Je me tiens à dispo si vous avez des questions !

_Je ne sais pas si c'est utile mais pour info, je travaille sur un macbook pro dont la configuration est la suivante: 
Processeur  2 GHz Intel Core i7
Mémoire  4 Go 1333 MHz DDR3
Logiciel  Mac OS X Lion 10.7.5_


----------



## melaure (5 Février 2013)

Réponse facile, c'est NON.


----------



## Pascal 77 (5 Février 2013)

melaure a dit:


> Réponse facile, c'est NON.



T'es dur, là ! 

Bon, une solution : tu ne peux pas reformater ton disque sans perte de données, mais s'il n'est pas plein et pas trop fractionné, tu peux diminuer la taille de ta partition exFAT, et dans l'espace ainsi libéré, créer une partition que tu formatera en HFS+.

s'il est trop fractionné, alors, il faudra faire une défragmentation avant.? Pour ça, il faut un logiciel, et je ne sais pas s'il en existe de gratuits.


----------



## JeremCurt (5 Février 2013)

Merci Pascal 77, je suppose que je vais devoir laisser tomber le montage pendant quelques temps jusqu'à que je puisse m'acheter un nouveau disque dur... J'occupe 700go de mon DD externe et il doit m'en rester à peine 30 sur mon portable, je suppose que c'est un peu juste pour faire la partition en question.
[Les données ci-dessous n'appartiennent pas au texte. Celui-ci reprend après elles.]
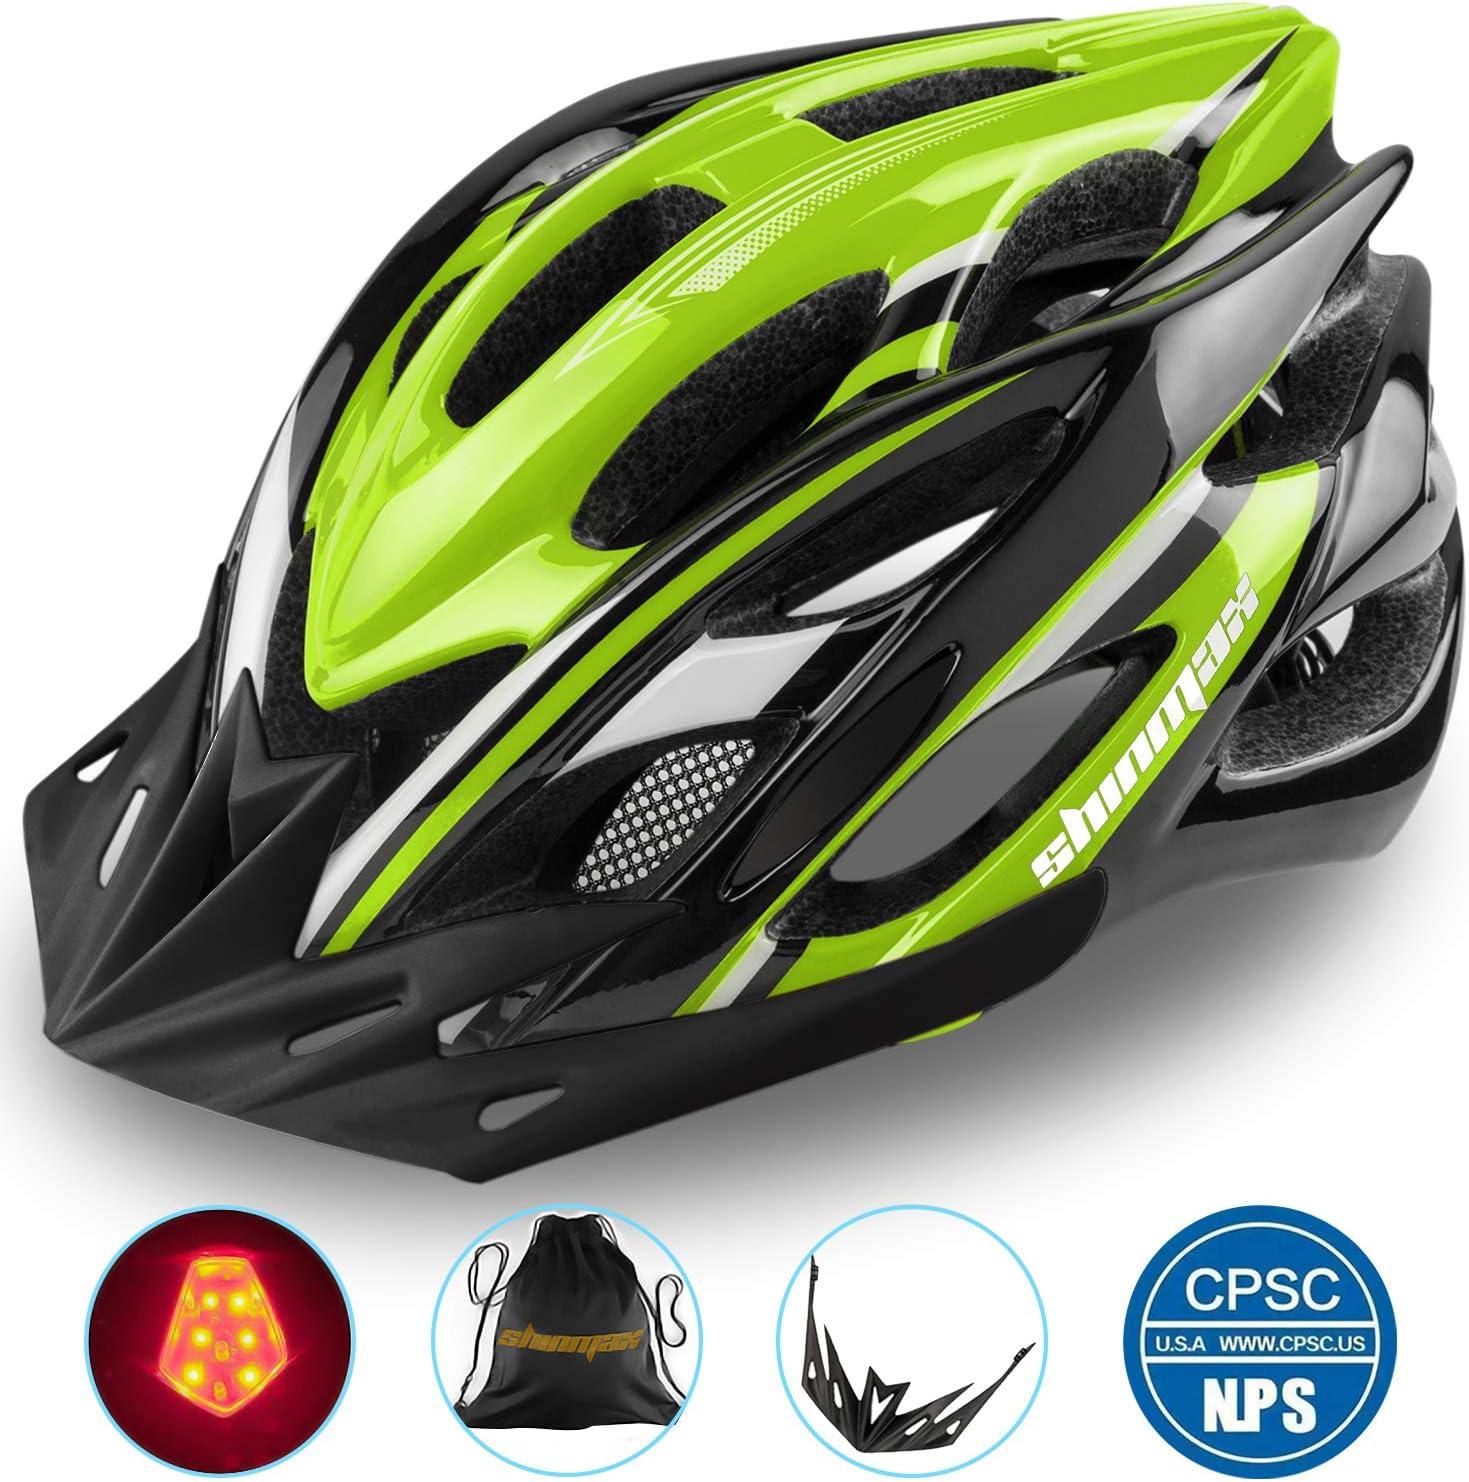 Shinmax Casco Bicicleta con Luz LED,Casco Bici de Ciclo Ajustable Deporte Cascos Bici Bicicleta Camino Mountain Biking Motocicleta Hombres Mujeres Adultos Casco

Pas de bol, merci à vous deux pour votre aide en tout cas !


----------



## Pascal 77 (6 Février 2013)

JeremCurt a dit:


> Merci Pascal 77, je suppose que je vais devoir laisser tomber le montage pendant quelques temps jusqu'à que je puisse m'acheter un nouveau disque dur... J'occupe 700go de mon DD externe et il doit m'en rester à peine 30 sur mon portable, je suppose que c'est un peu juste pour faire la partition en question.
> 
> Pas de bol, merci à vous deux pour votre aide en tout cas !



Pas forcément, si tes 300 Go de libres ne sont pas trop fragmentés, tu pourrais toujours découper de quoi faire une partition de 100 ou 150 Go, pour le HFS+, par exemple, tu travailles sur cette partition, et une fois le travail terminé, tu transfère le résultat sur la partition exFAT !


----------